Your assignment: Look below for the line with "Italian Bar PIENO di cibo ピエーノ デチーボ(大阪・なんば)"; begin the copy there and stop after the line with "TP-Link Tapo L510E E27 LED Smart Light Bulb", keeping the text exact and the pictures out.

*** Recorded data ***

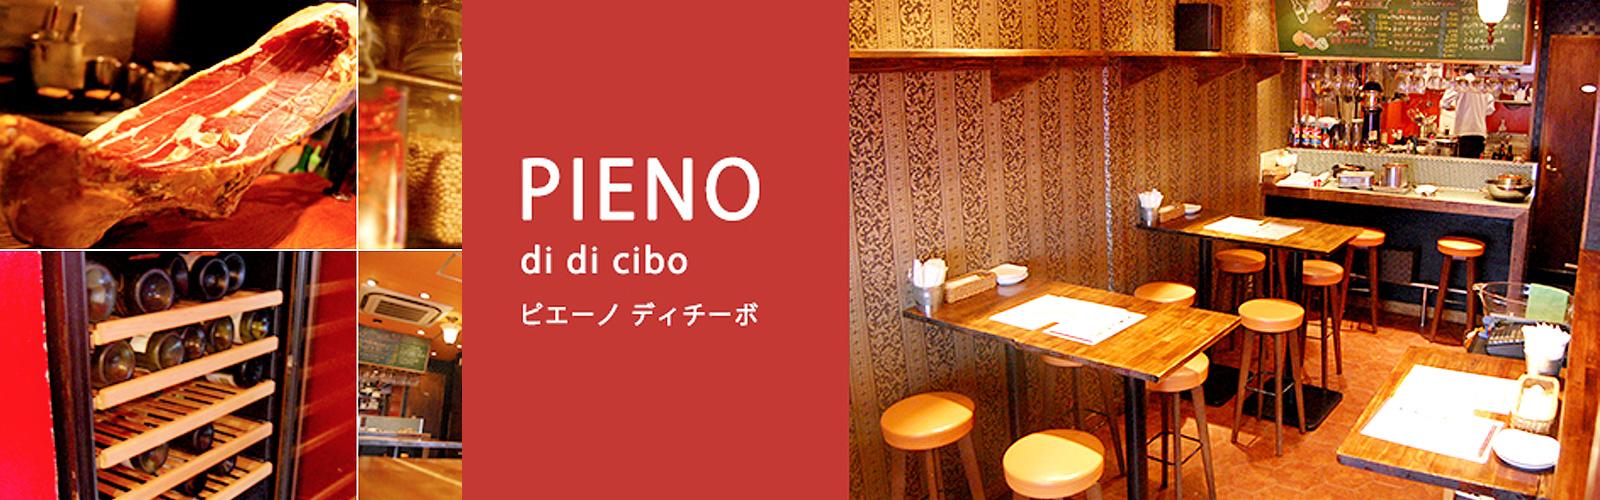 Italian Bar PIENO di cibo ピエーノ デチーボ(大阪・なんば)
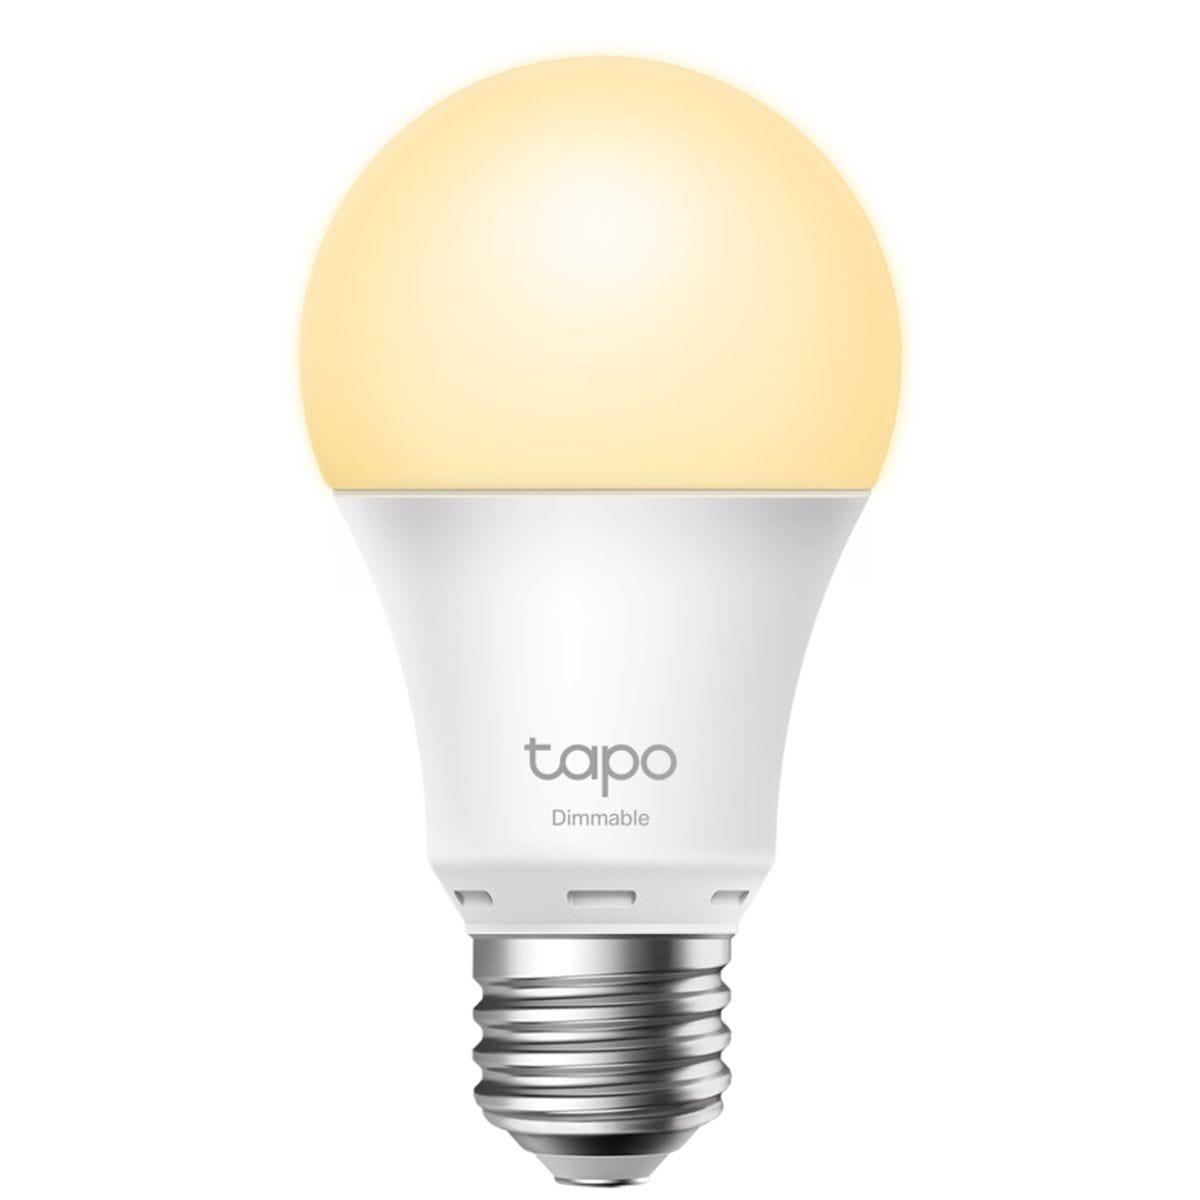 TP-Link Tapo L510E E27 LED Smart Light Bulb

*** End of Recorded data ***
*** Recorded data ***

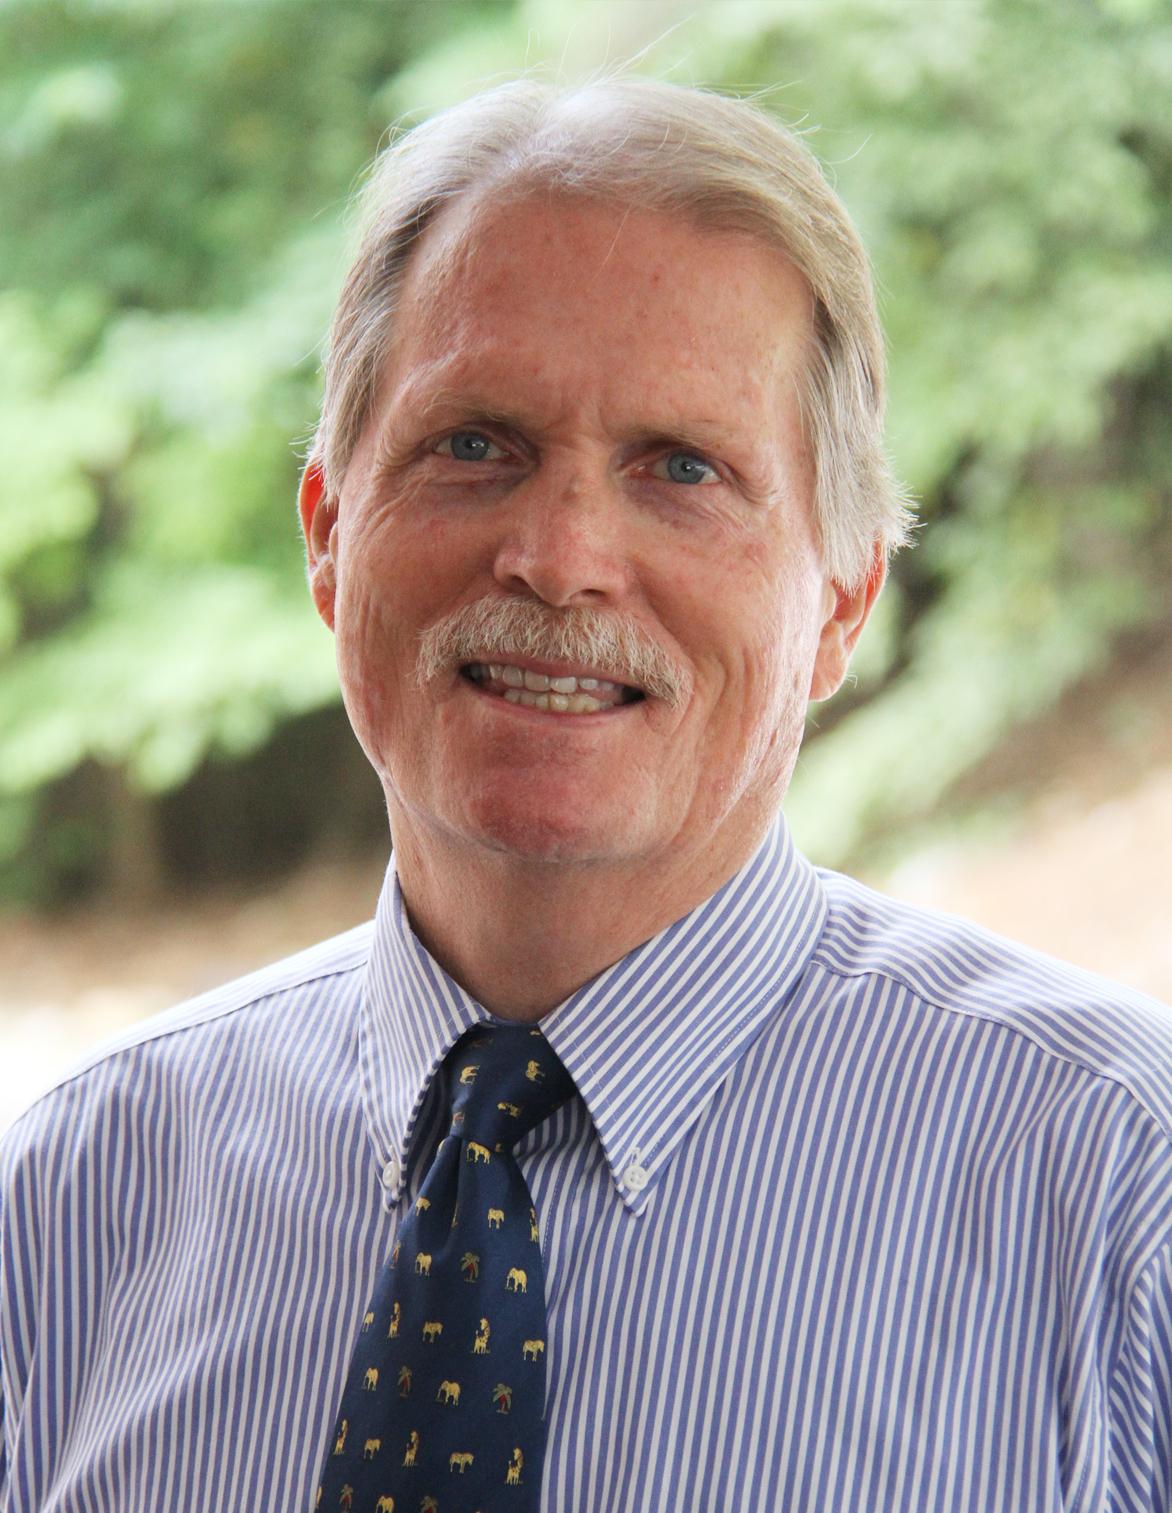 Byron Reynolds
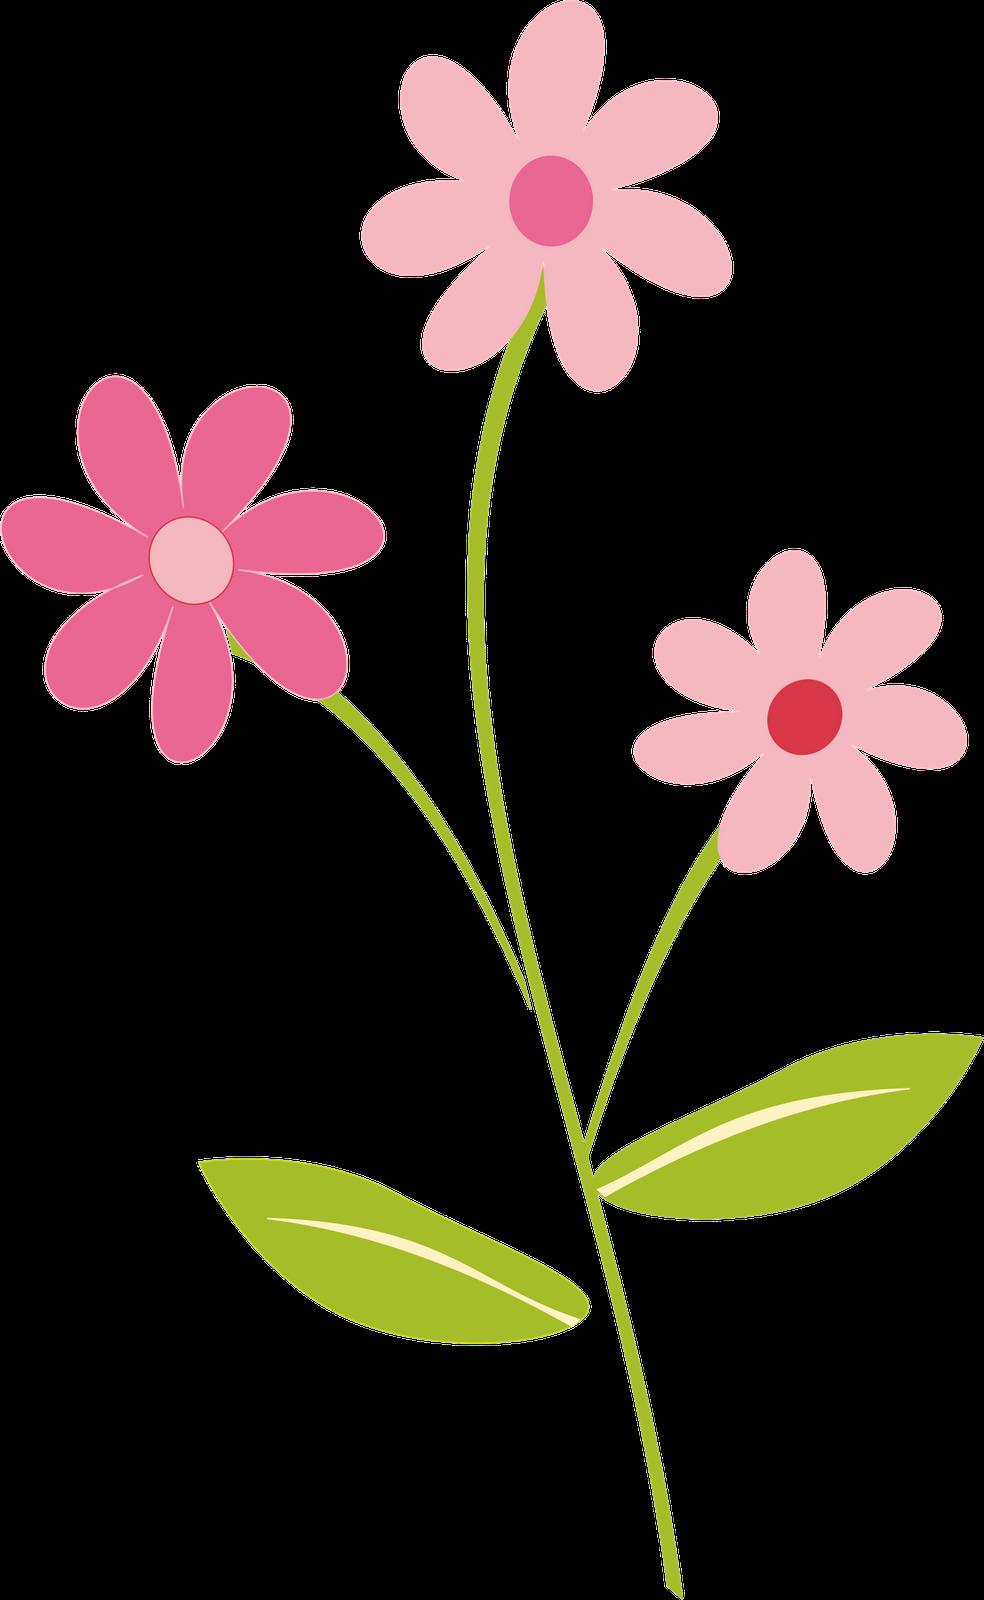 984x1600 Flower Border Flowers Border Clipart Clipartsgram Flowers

*** End of Recorded data ***

Task response:
 Italian Bar PIENO di cibo ピエーノ デチーボ(大阪・なんば)
 TP-Link Tapo L510E E27 LED Smart Light Bulb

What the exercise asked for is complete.